# Driftwood boiling



## JohnnyD44

Well, today's finally the day my malaysian driftwood has finally arrived and I've read some conflicting reports on how long to boil the wood for......I've read boil it for fifteen minutes twice....i've read boil is for a week as much as you can....(which seems nuts)

any reccommendations? it's 1:50 eastern time now, it's going to the water @ 2pm......I'll be home until about 4pm..i can continue boiling after then....

also, is there any way to tell if it's done leeching tannins without putting it into the tank to test it?

thanks for all the help....


----------



## Angel079

I always boil mine 2x. First set up I let it sit there in boiling hot water maybe 1-2 hrs and the second time a lil longer. If by the 2nd boiling attempt the water still comes back looking like coffee then I usually let it soak over night.
But really it doesn't matter THAT much....its just whatever doesn't come out while boiling will stain your water lil brownish (which some fish actually really enjoy). So that's your tank/ your tank water you gotta know for yourself how "clean" you need it to be


----------



## adiumroot

How big is the wood? Bigger driftwood sometimes needs more time boiling.

But for smaller pieces less than a foot long, one boiling for about 15-20 minutes and then soaking for a week in a bucket of water is enough in my experience. I change the water in the bucket and wash the wood under running water every 2 days. Also, I mix some baking soda while boiling. Someone told me this helps neutralize the tannins faster. I don't know if this is really true but it won't hurt trying.


----------



## WisFish

If the wood came from a pet store, I usually just rinse it off and stick it in the tank. A couple of times I've used wood I found in the woods. For those I've also rinsed them off real good and then stuck them in the oven for an hour or two. Water will only go to 212 degrees while the oven can go higher. But I just set the oven to 250 or so. I haven't done that in years since I've been getting the wood from petco.


----------



## iamntbatman

Are you boiling just to disinfect, or are you trying to leech out all of the tannins? I love tannins, so I never boil for more than a couple of minutes just to kill off any nasty stuff.


----------



## JohnnyD44

**bump**

So this single piece of driftwood has been boiling for a total of about 10 hours, off and on....changing the water every two hours.....still leeching tannins....
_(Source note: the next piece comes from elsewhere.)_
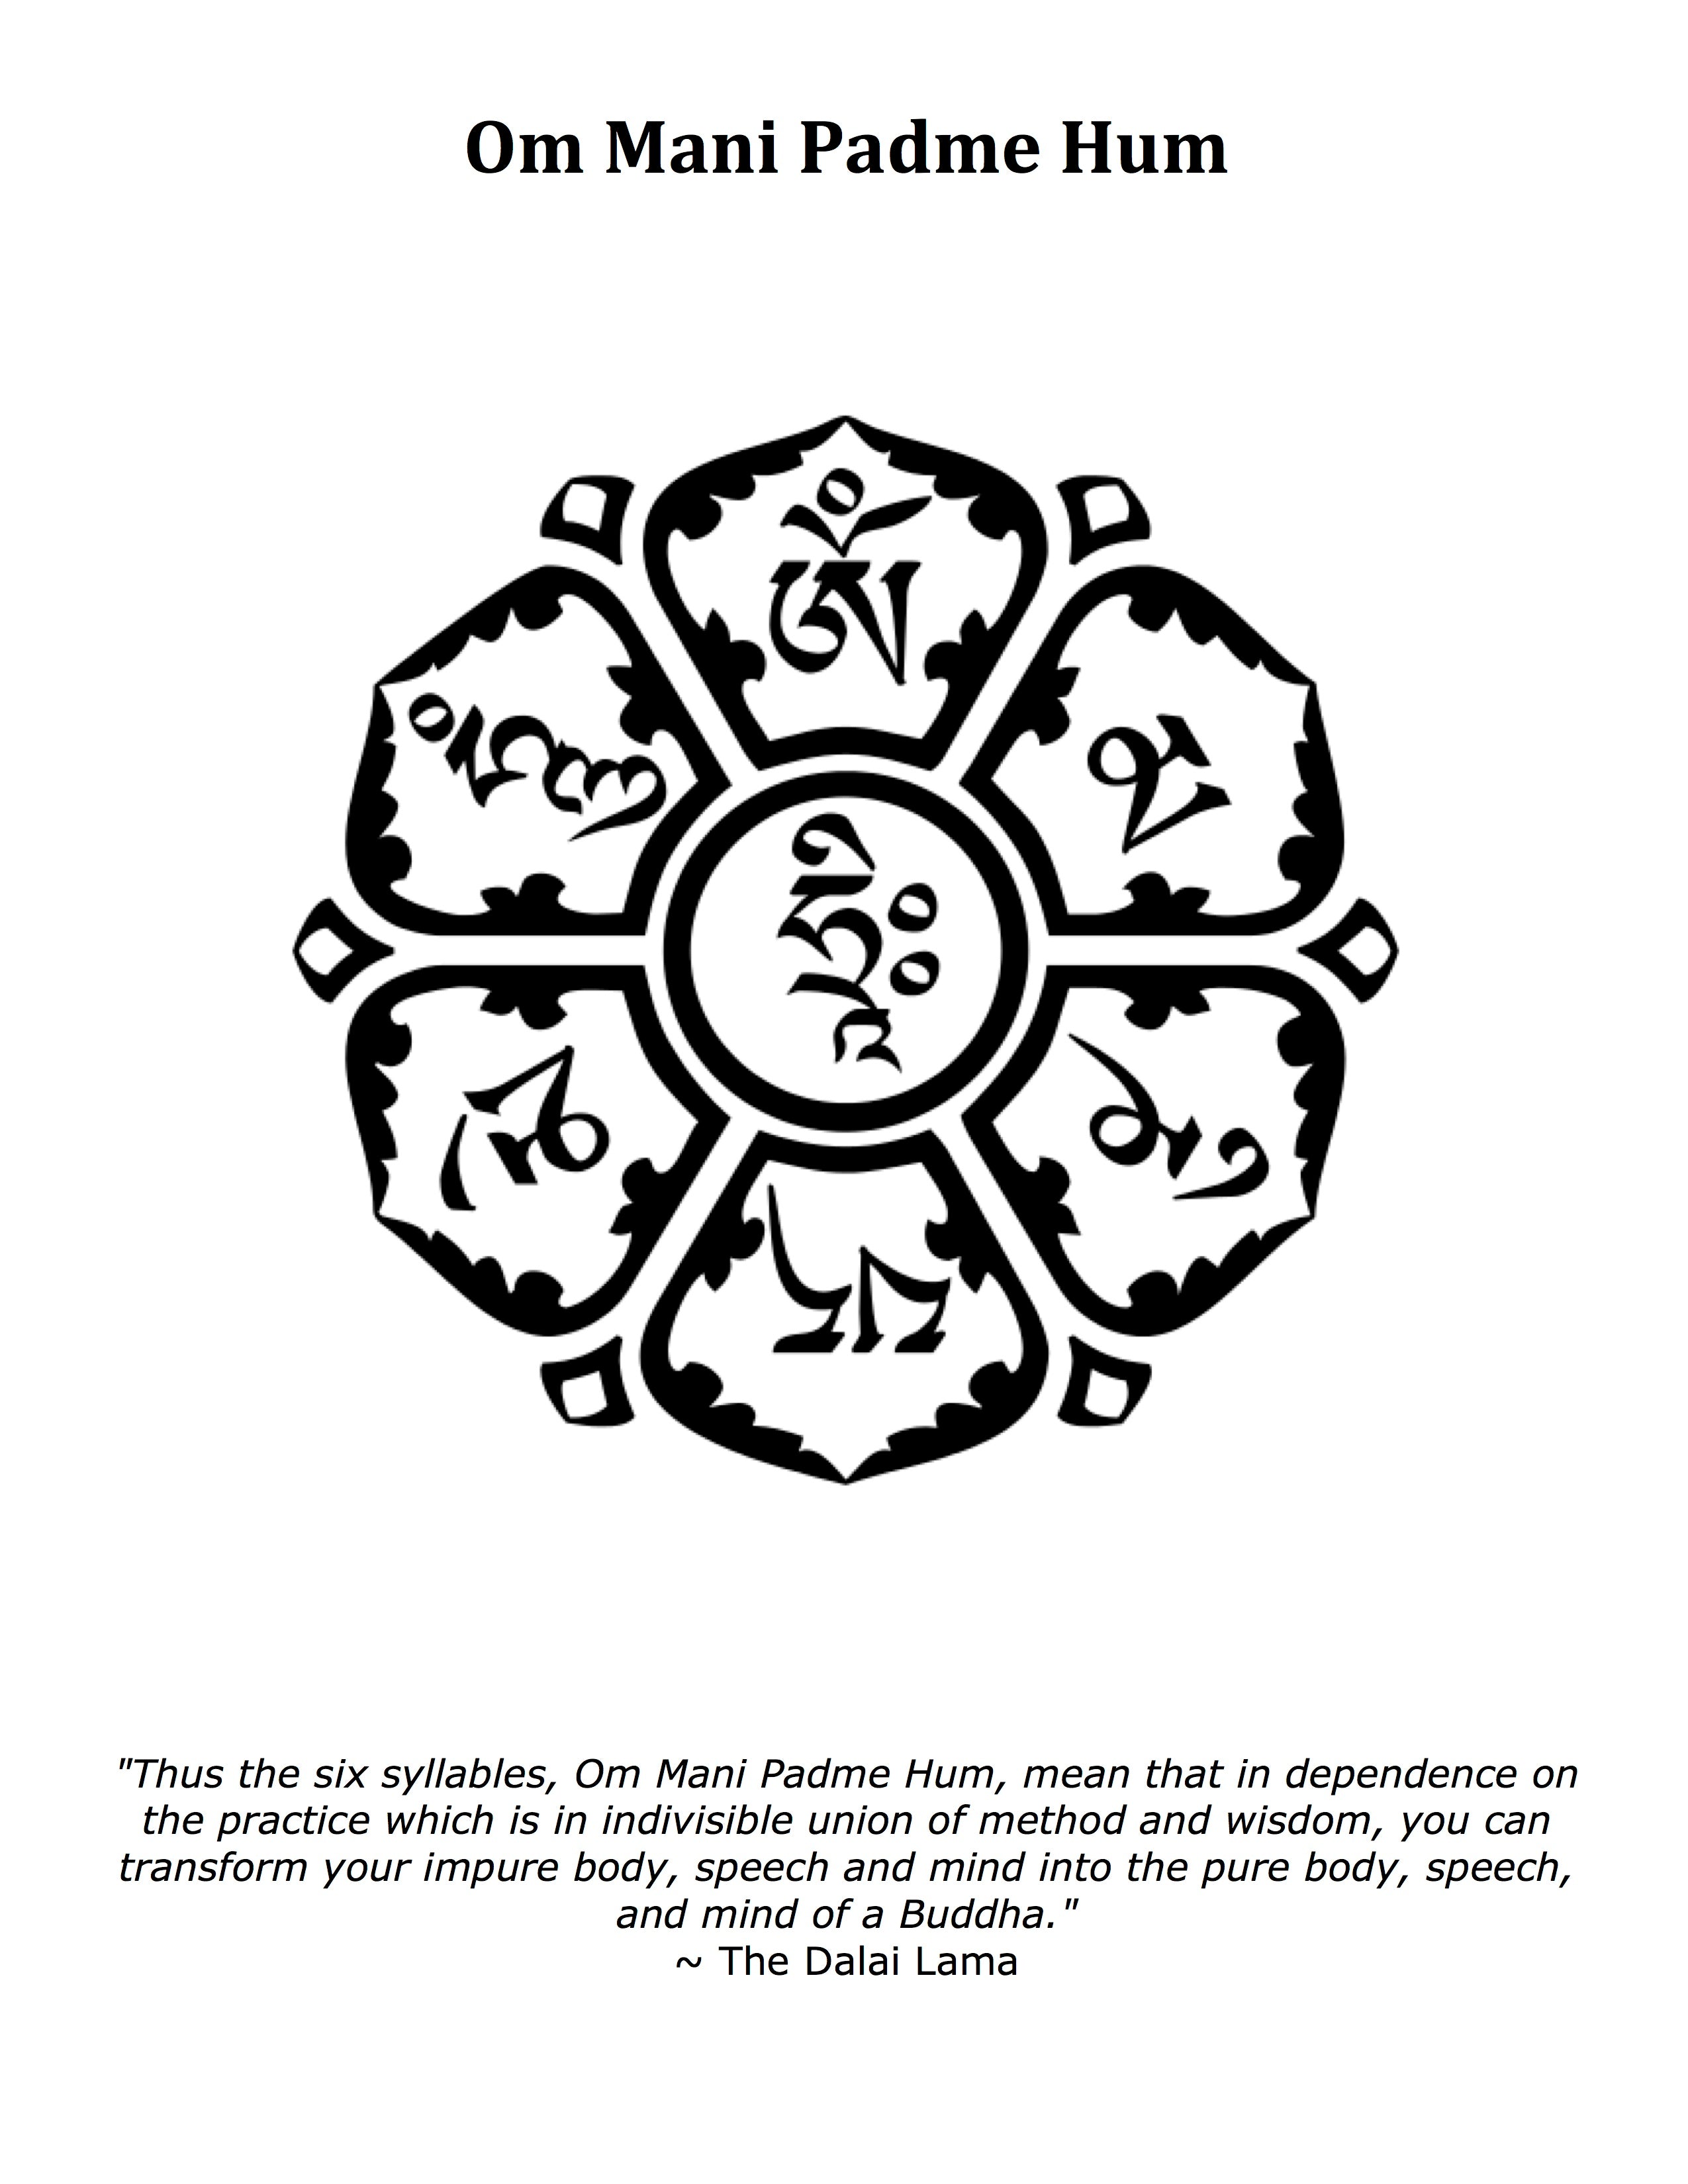 OM Mani Padme Hum Mantra Symbol in a Mandala

any advice? or just keep chuggin' along!?!


----------



## Byron

If you boil too much there may not be much wood left. Seriously though, I would guess that extensive boiling might affect the wood fibres? Just a thought. B.


----------



## JohnnyD44

well, any other ideas to get rid of the tannins? i just turned the stove off....


----------



## Angel079

I'd let it sit in a clean water bucket over night and then add it 2mrw and call it even. You'll always have * a little* come off in the tank but even my "unboiled" one's that I just washed off never stained the water enough to make it brown in my tanks.


----------



## iamntbatman

Also, activated carbon will remove the tea-like color from your tank if it really bothers you (though it won't do much as far as negating the pH drop associated with tannins). So if it's still leeching, you could just put it in your tank and run carbon (though I don't think this would be a good idea in a planted tank, especially one that's being dosed with fertilizers).


----------



## Freddy

You could put it in the bath for however long you need it.


----------